Their argument was based on parallel sides in a Bob-how there are two sets of three sides, and that the lengths of two sides in a set add to the length of the third. If a Bob were equilateral, one of these sides would be of length zero, which means it’s not a hexagon and so not a Bob. QED. I have spared the reader some details.

Behold the hierarchy of hexagons:

After this, the hierarchy of quadrilaterals was a mostly trivial exercise. We built it in like 20 minutes and used it as practice for the skills we developed with the hexagons.

We marveled at the bizarre relationship between the definitions of quadrilaterals and their relationships. Why is a rhombus defined in  terms of its side lengths, while a parallelogram is not? This makes it hard to see why a rhombus is a special parallelogram. 

The question of the concavity of Mercedes was an open one for a couple of weeks. Then yesterday we got out the polystrips. Boom!

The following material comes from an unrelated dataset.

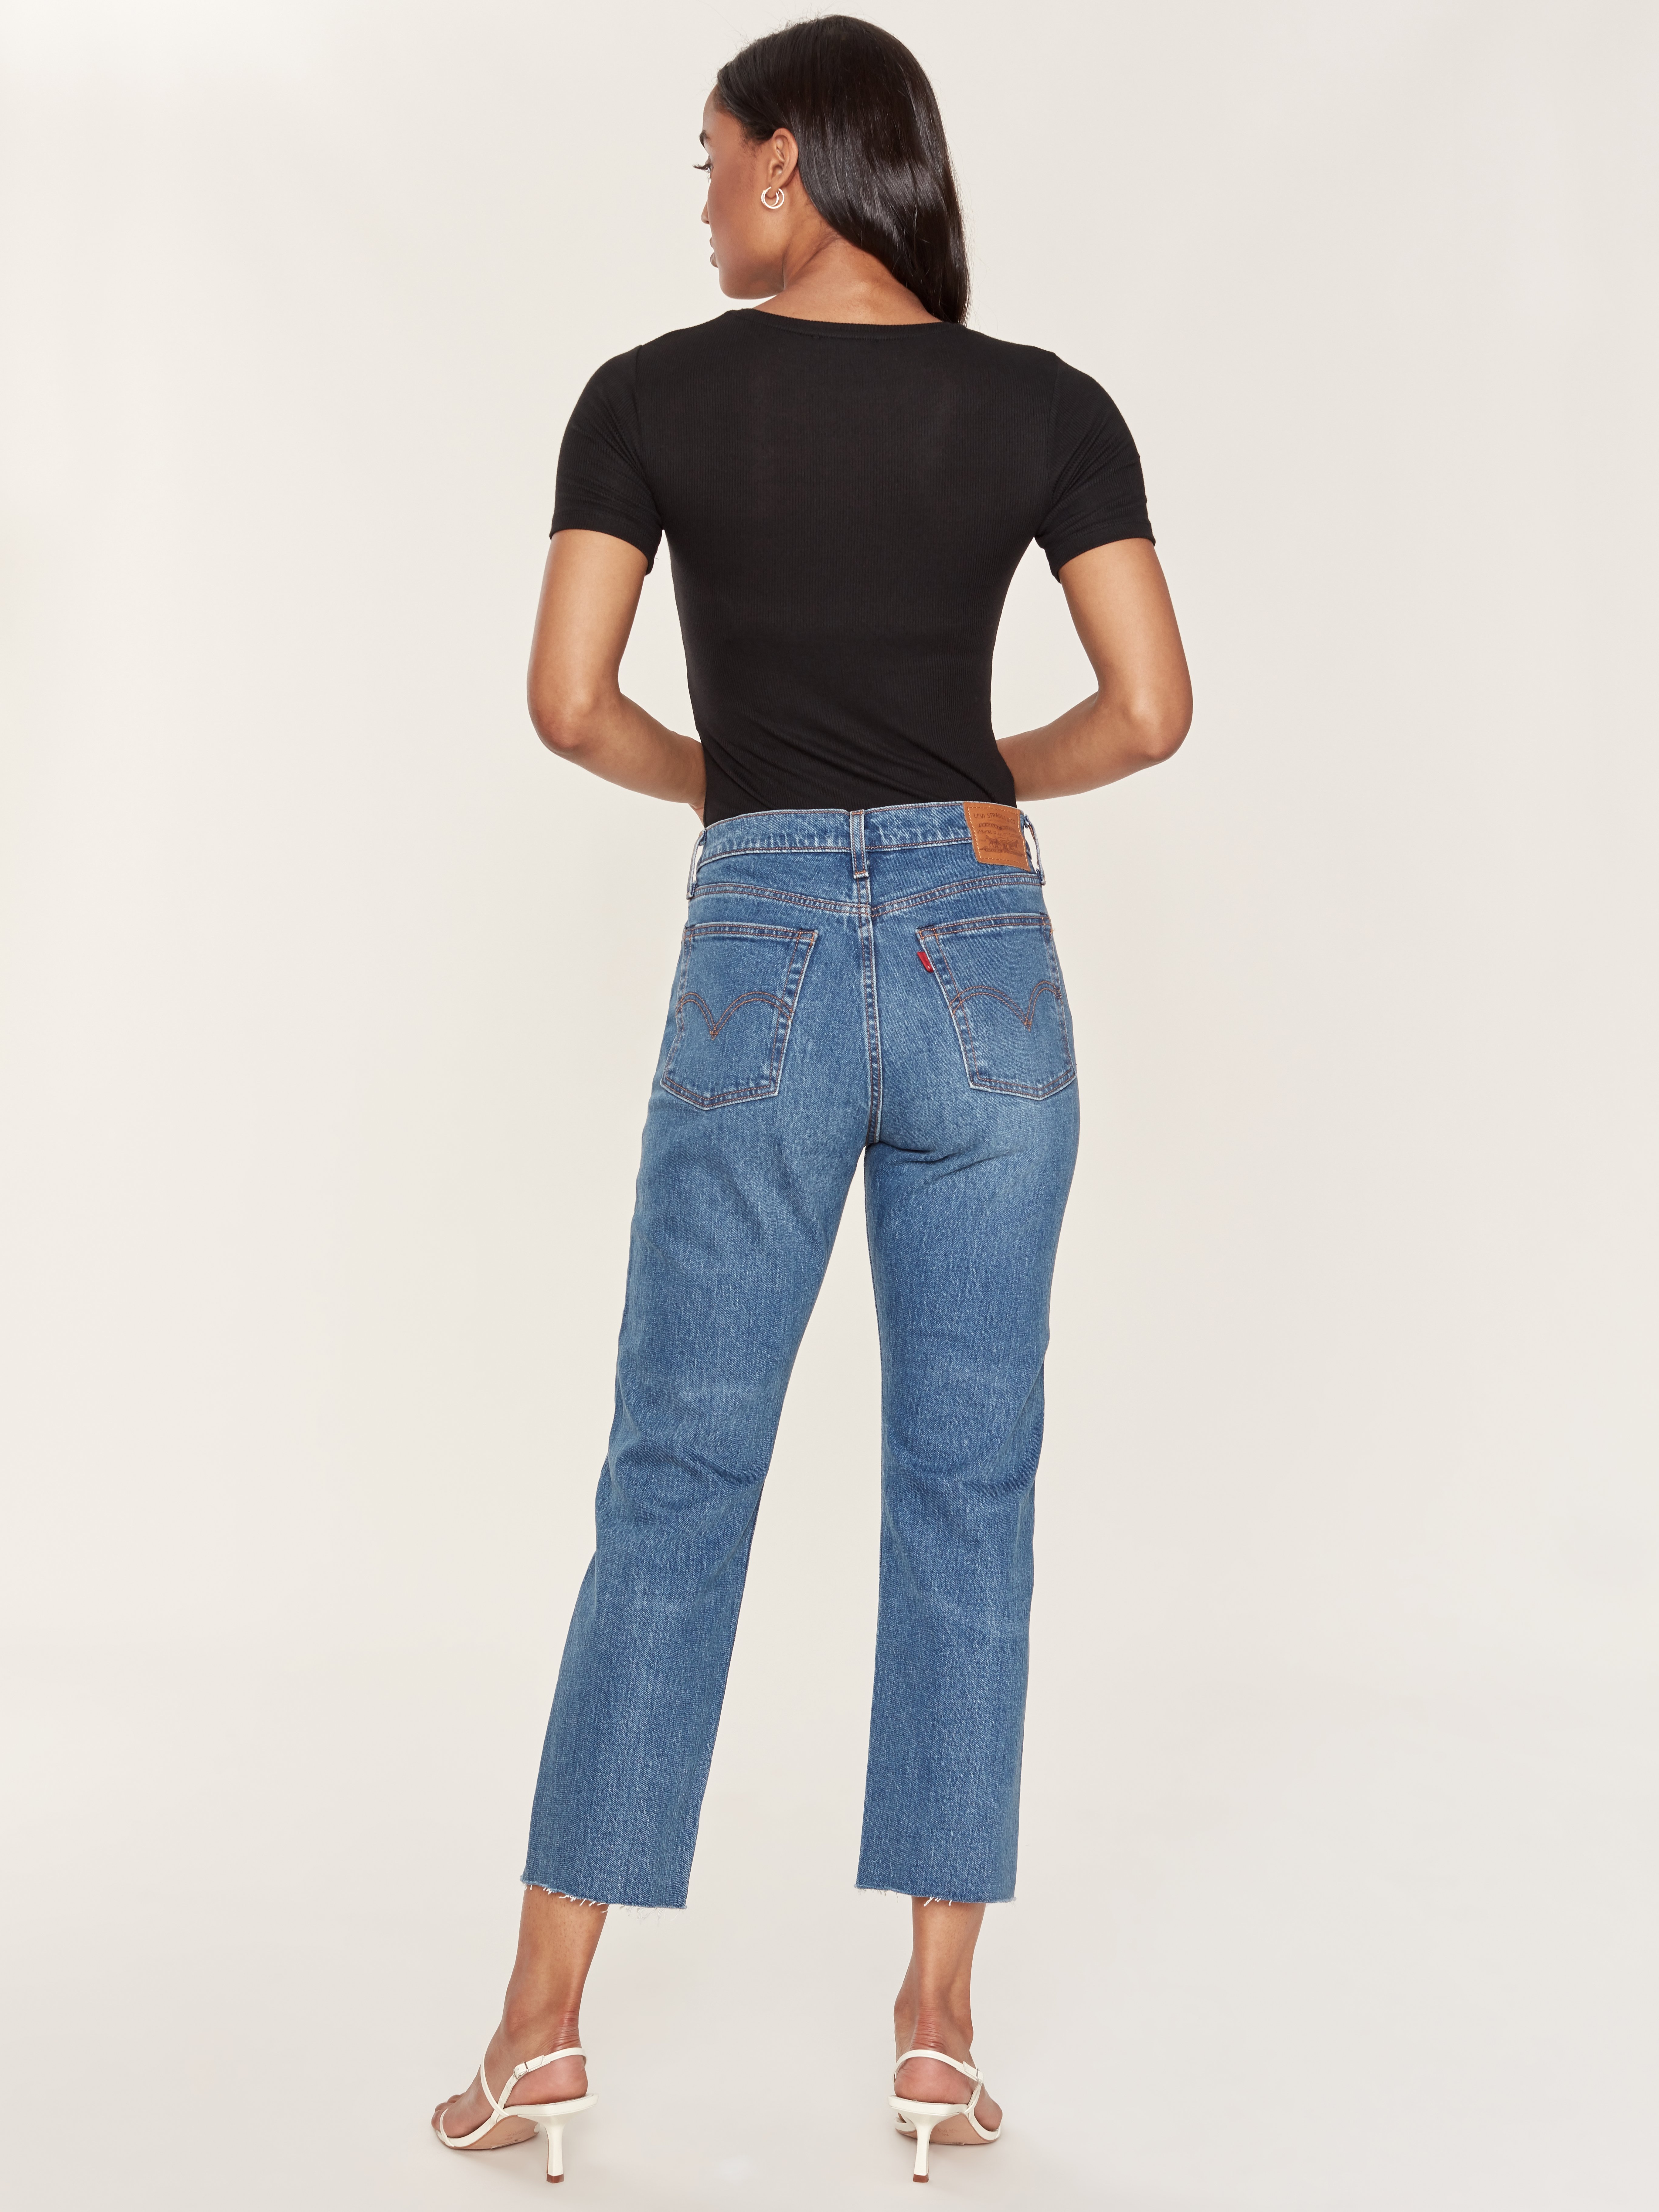 wedgie high rise jeans
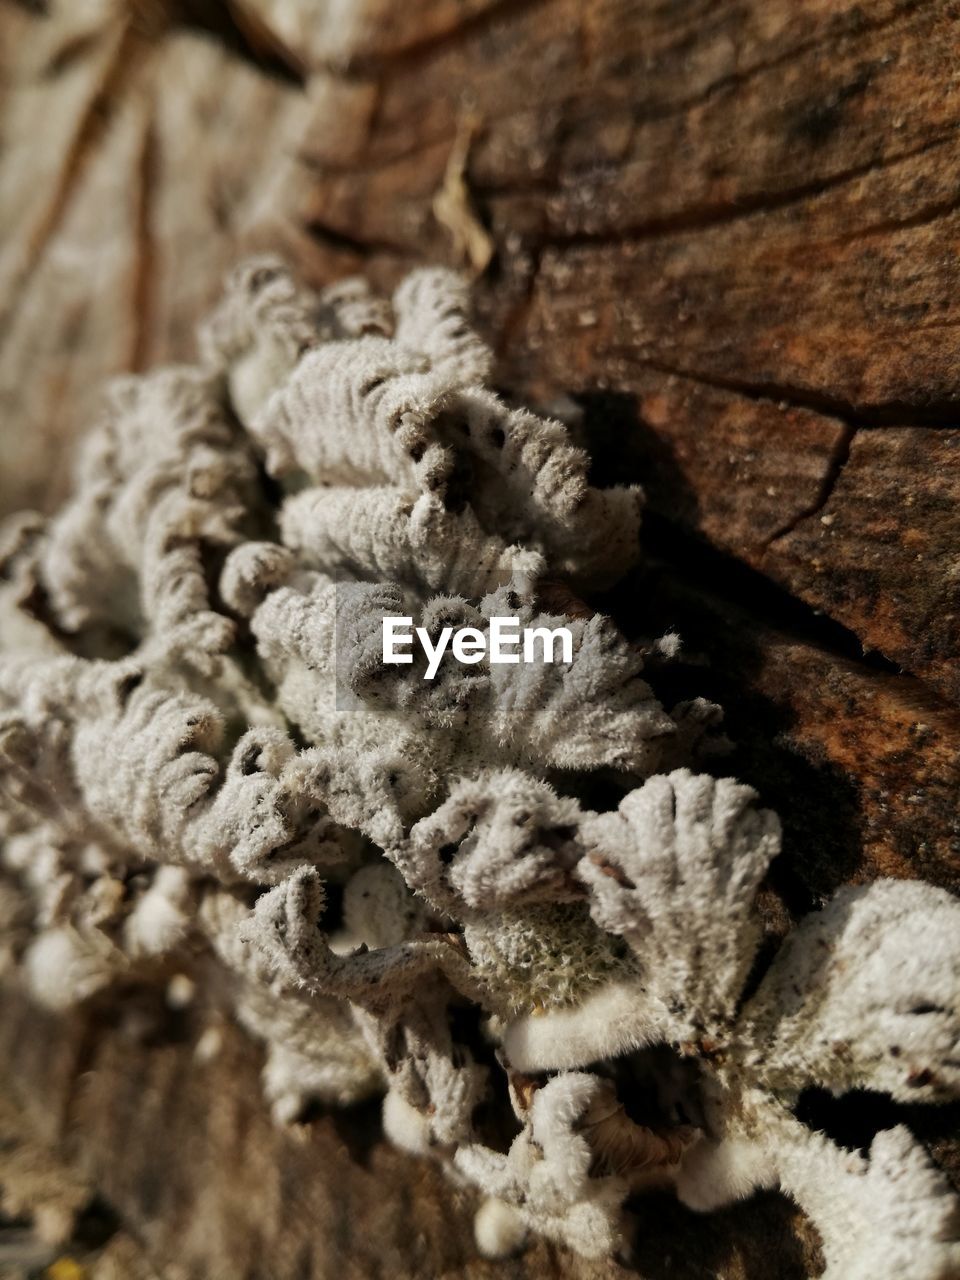 Close-up of fungus growing on wood

Not all Stacys are concave.

If we had more time, we would revise our hierarchy to incorporate this fact. But we have to move on to measurement.

Our work here is done.

Total time? Five weeks.

Diagrams, week 6

This week, we were discussing definitions. In particular, we were trying to decide whether we needed to include the measures of the congruent angles in our definition of a rectangle, or whether simply stating that they are congruent would  be good enough.

That is, can we define a rectangle as an equiangular quadrilateral? Or do we need to specify a quadrilateral with four 90° angles?

This led to discussion of whether it is possible for a quadrilateral to have all four of its angles obtuse.

One student argued “No”. She argued that a rhombus typically has two obtuse angles and two acute angles; if you try to make the acute ones obtuse, the obtuse ones become acute.

The class accepted that argument (much to my chagrin).

So I stepped in, saying that I wasn’t convinced. Specifically, I said:

You are arguing that a quadrilateral can’t have four obtuse angles by showing that a rhombus can have at most two right angles. But I don’t think that’s true of quadrilaterals in general. I think it may be possible for a quadrilateral to have three obtuse angles.

If that’s possible, then your argument doesn’t show what we all seem to think it shows. And maybe four obtuse angles is possible.

A few minutes later, a student produced the diagram above on the board. A quadrilateral with three obtuse angles. Furthermore, we all agreed that we could imagine tweaking things so that all three of these angles would be congruent.

What have we learned? That we still don’t know whether we need to state that the congruent angles in a rectangle are right.